Composition de Daniel M Karlsson pour le Edition festival for Other Music vii, centré sur le GRM. L’acousmatique et le codage à son meilleur : une pure coulée dans un temps musical miroitant et toujours changeant.
Daniel M Karlsson est le secret le mieux gardé de la scène musicale expérimentale de Stockholm. Sans doute trop secret ou plutôt trop confidentiel. Et c’est un véritable paradoxe parce que l’homme est charmant et ses créations (visuelles et musicales) surprennent toujours par leur beauté, leur rigueur et leur qualité. Leurs surprises aussi car Daniel M Karlsson est un passionné de codage et donne à ses créations une vie propre. Un démiurge sympa en sorte. Et même dans un exercice aussi codé que le mémoire de thèse, il réussit à tordre les attendus et à donner un texte très personnel, se baladant entre les clous (“Mapping the Valley to the Uncanny” sur XKatedral).
Du code donc et des échantillons de sons prélevés sur un instrumentarium très large lorsque Daniel M Karlsson travaillait pour une maison symphonique locale.
Évidemment, on est dans de la musique acousmatique et donc dans un au-delà de la précision de la source (et des espaces dans lesquels le son est projeté). Un au-delà ici repoussé aussi dans la composition avec l’importance du codage. Reste donc la musique et l’expérience de la musique. Détachée de sa production, entendue pour ce qu’elle est, à l’instant. “Towards a Music for Large Ensemble” contient deux moments : l’un enregistré pour le Edition festival vii, centré sur le GRM, qui a déplacé pour l’occasion son acousmonium de Paris, et l’autre… dans un autre endroit (undisclosed location).

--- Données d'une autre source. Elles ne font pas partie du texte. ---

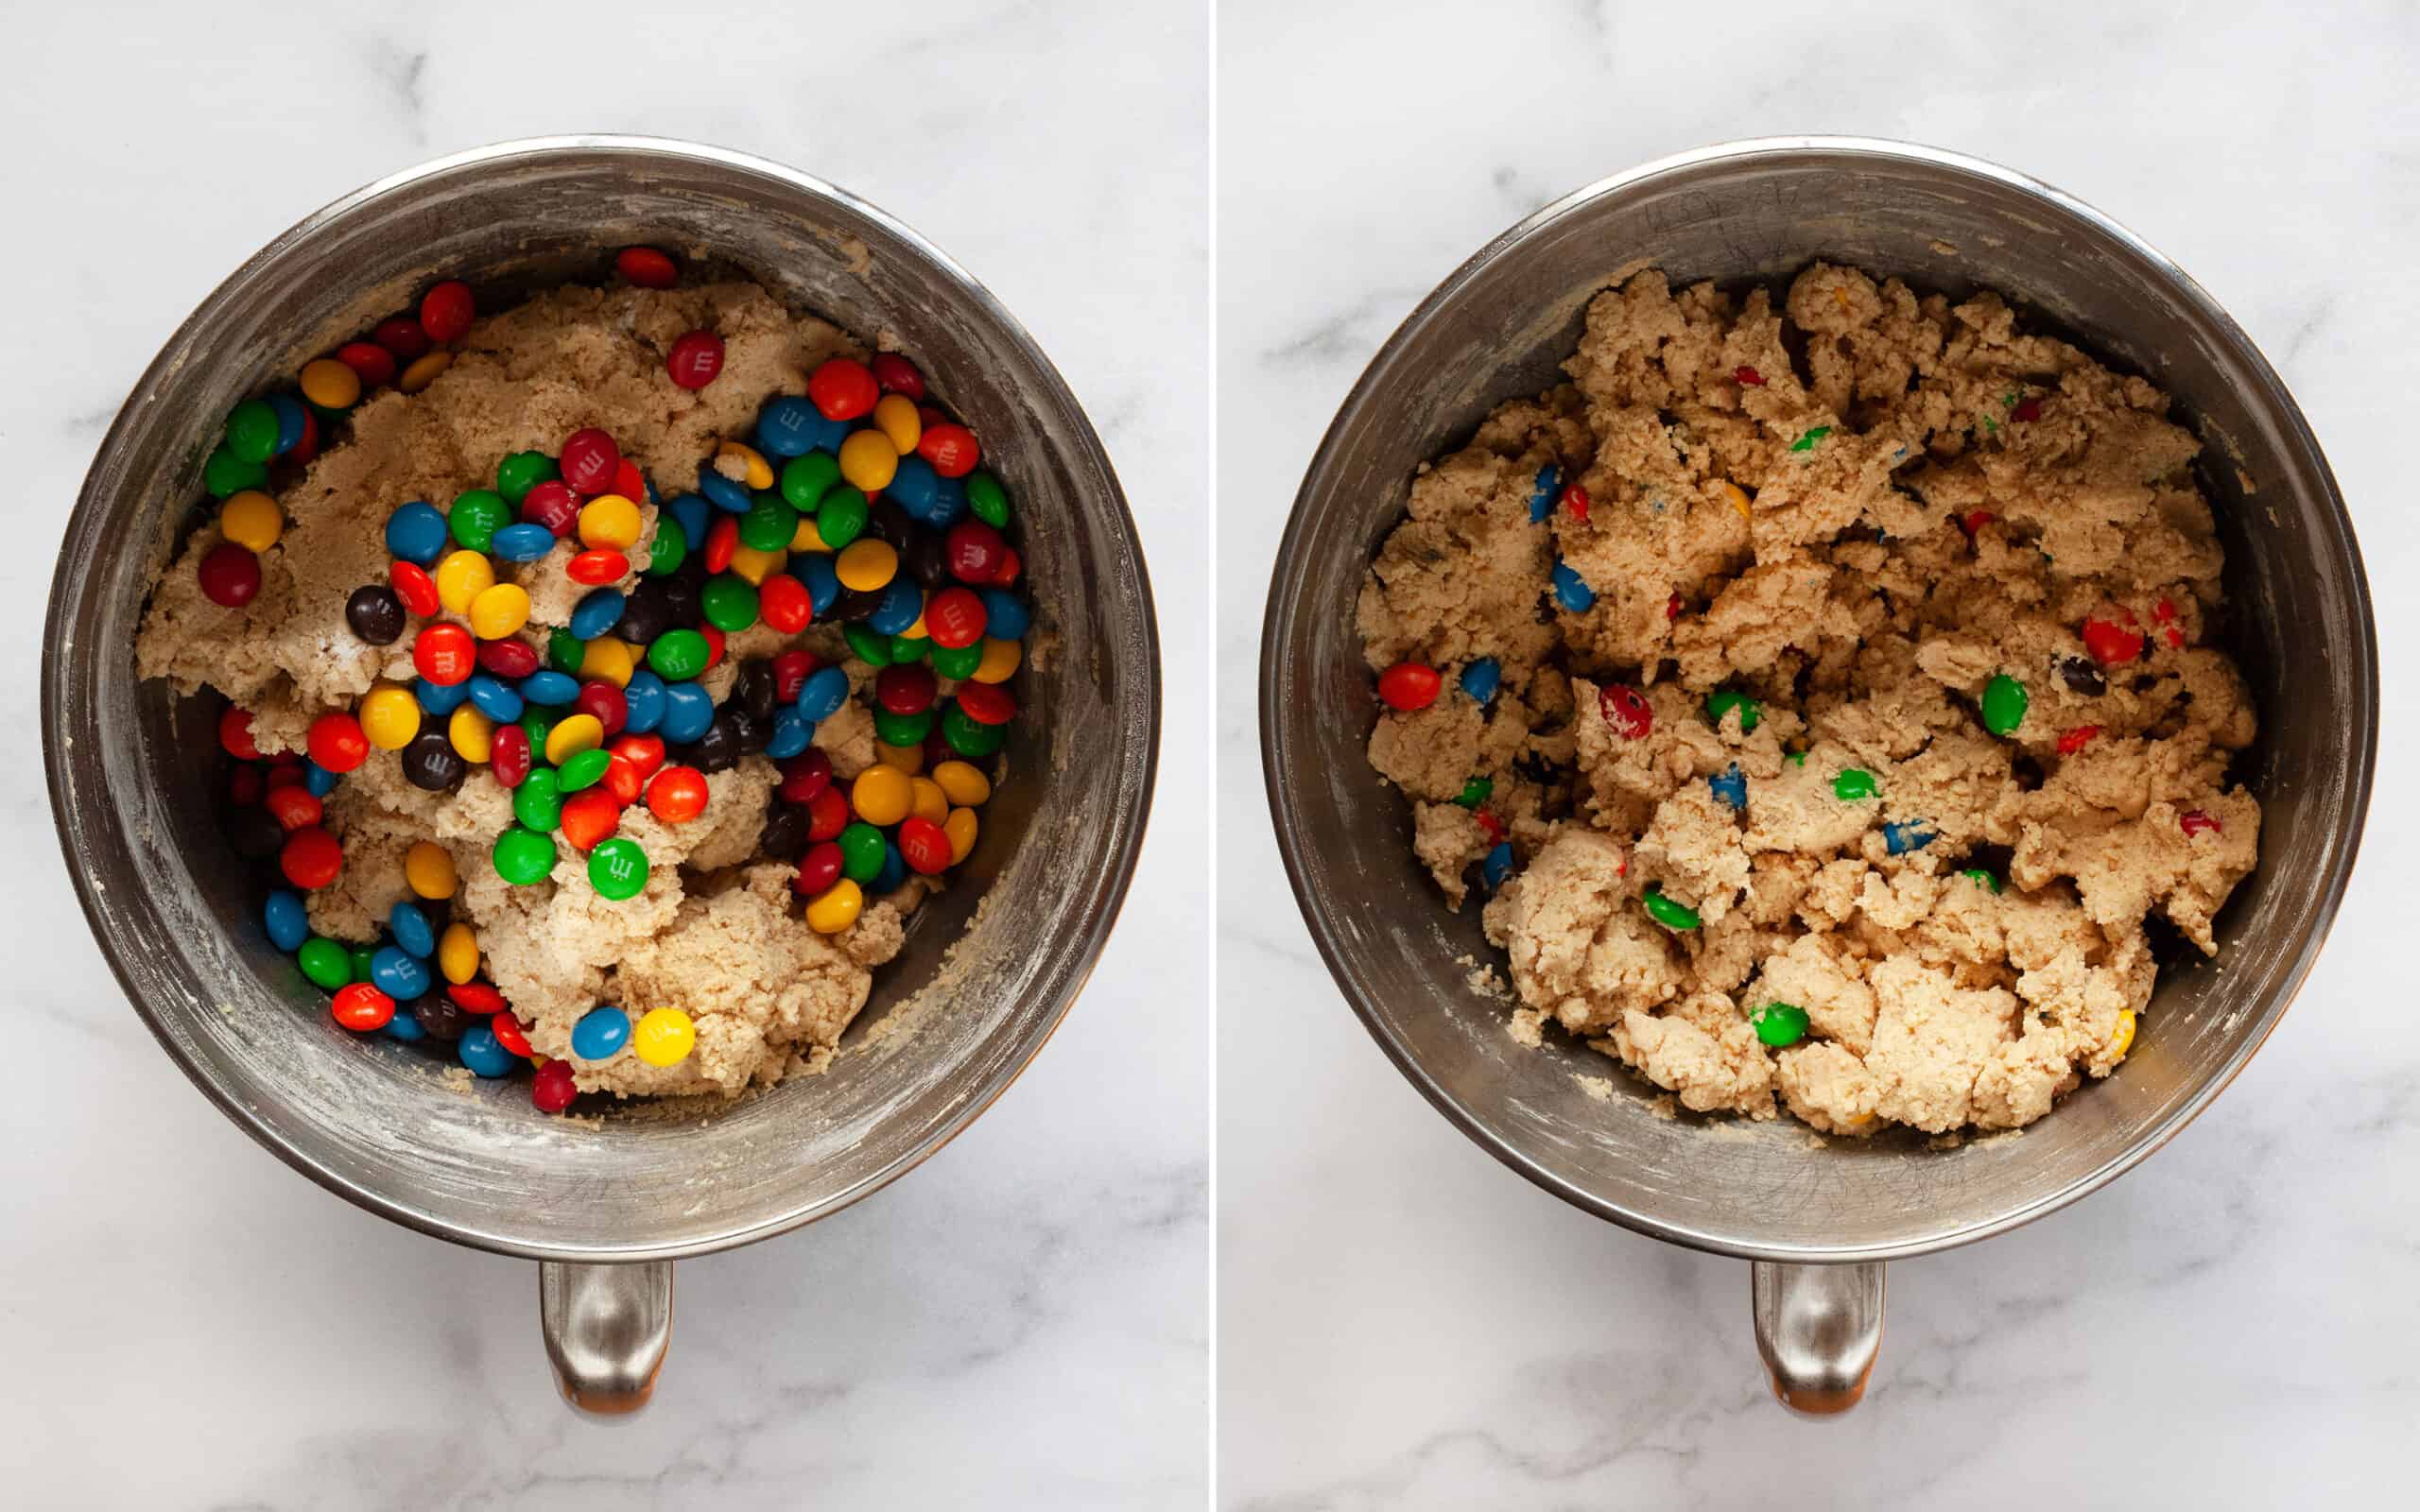 Before and after: stir the M&Ms into the peanut butter cookie dough.

Est-ce la même composition ? Oui. Est-ce qu’on entend la même chose ? Non.
D’ailleurs, en achetant l’album on peut acquérir le code, lancer la composition soi-même et la faire tourner indéfiniment.

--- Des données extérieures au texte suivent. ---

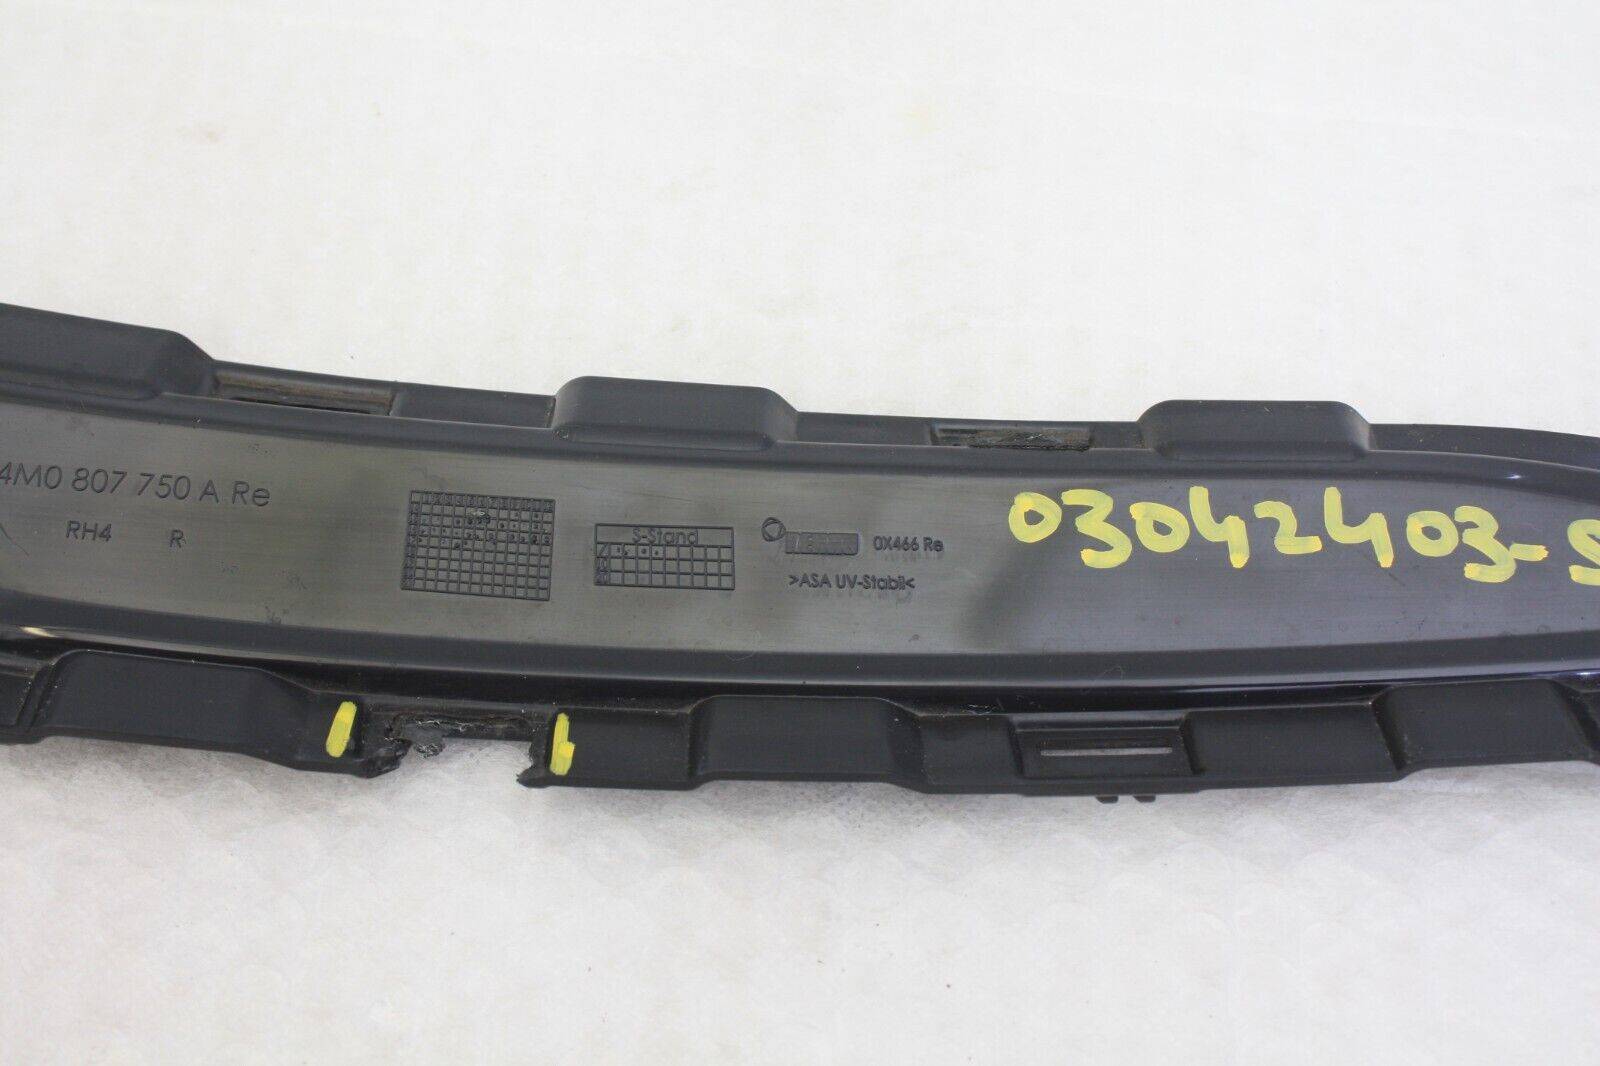 Audi-Q7-Front-Right-End-Cap-Cover-2015-TO-2019-4M0807750A-Genuine-176318342447-11

J’ai eu la chance d’entendre “Towards a Music for Large Ensemble” sur l’acousmonium, de me laisser bercer et berner par les différentes sources : leur emplacement de diffusion et leur « échantillonage »-retraitement. Je me souviens de Daniel M Karlsson concentré, levant le nez en l’air pour apprécier sa diffusion et la régler.

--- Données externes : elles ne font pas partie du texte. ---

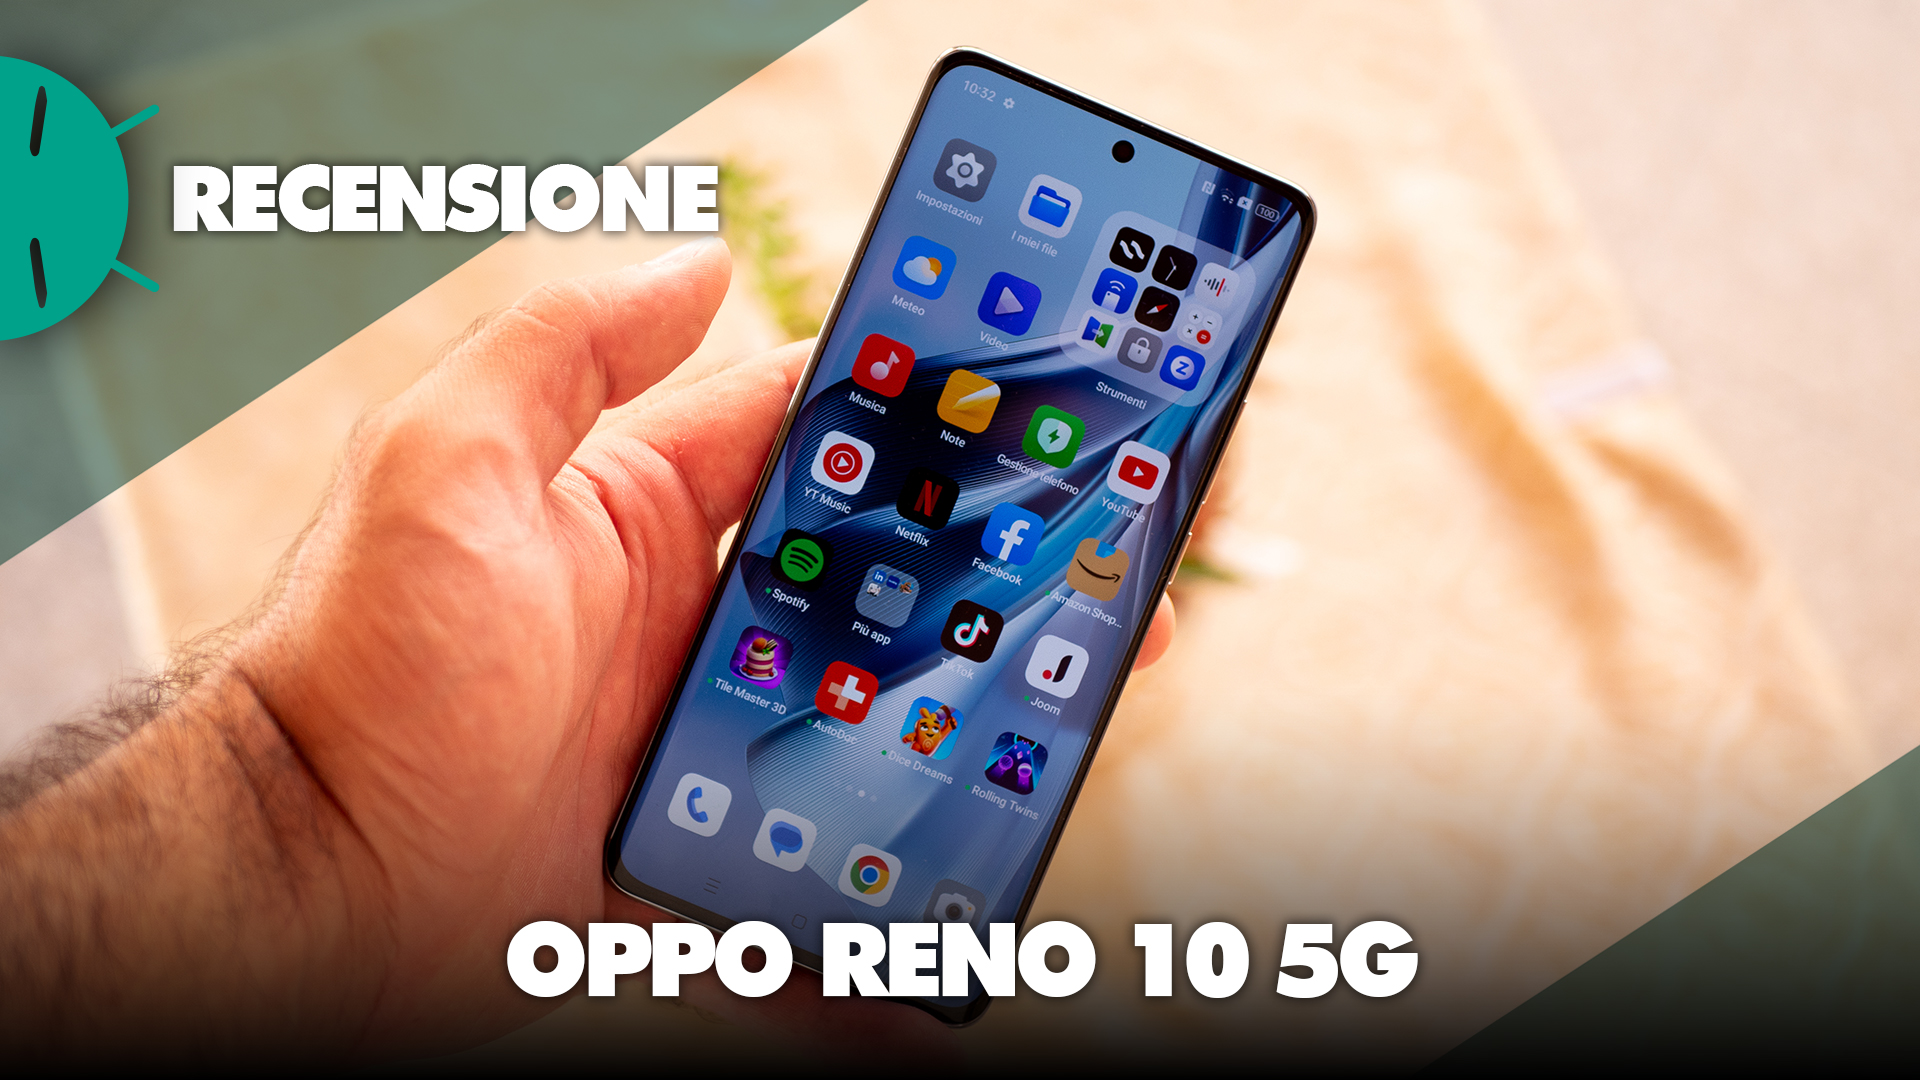 OPPO Reno 10 5G Mobile Phone 6.7 inch 120Hz OLED Flexible Curved

Comment en parler ? Il faut se laisser aller dans le continuum de sons, la pâte quelquefois quasi solide, impénétrable, d’autre fois émaillée de grésils, de scintillements (cordes ? percussions frottées ?). Un coulis marbré, qui se contorsionne, s’épand ou se contracte, en matités, en bruits blancs puis qui devient arc-en-ciel de couleurs. S’écaille d’une résonance (de gong ?), presque en surimpression, avant d’être parasité (embelli) par des souffles ou des éclats de métal cristallin. C’est tout une vie sonore qui se déploie et on est happé par le tout ; quelquefois au contraire, on est (r)éveillé par ce qui nous semble être un évènement : un coup sourd, une percée d’aigu ou un glissé d’archet sur des cordes. On est à la fois dans du concret (que l’on semble entendre clairement parfois) et du son pur, abstrait (entendre : détaché de sa source). Parfois il nous semble entendre le son traité comme des notes de piano, assourdies ou assombries-lissées mais c’est vraiment de l’ordre de l’imagination ou de la reconstruction. On cherche et on est surpris de chercher… encore.
Quoi qu’il en soit on est soufflé par la beauté des sons, l’architecture souple et plastique qui nous entraîne dans le continuum, cet hors temps qu’est la musique.
Daniel M Karlsson n’aime pas beaucoup les objets musicaux (« des tokens à collectionner », nous avait-il dit un jour) mais nous sommes, encore, dans un monde d’objets et ceux que Daniel propose sont beaux. Ils véhiculent de belles idées, de beaux codes (imprimés sur un t-shirt) et une musique qui en découle. Il serait dommage de s’en priver et on espère vivement que cette publication permettra à Daniel M Karlsson de tourner et de faire entendre sa musique à un public plus large. Elle continue de nous faire rêver depuis presque quinze ans. Longue vie à elle.
Avec l’aide de Johanna D, GRMisée depuis 20 ans.
“Towards a Music for Large Ensemble” est sorti le 20 septembre 2024 en CD LP et numérique sur le label fönstret.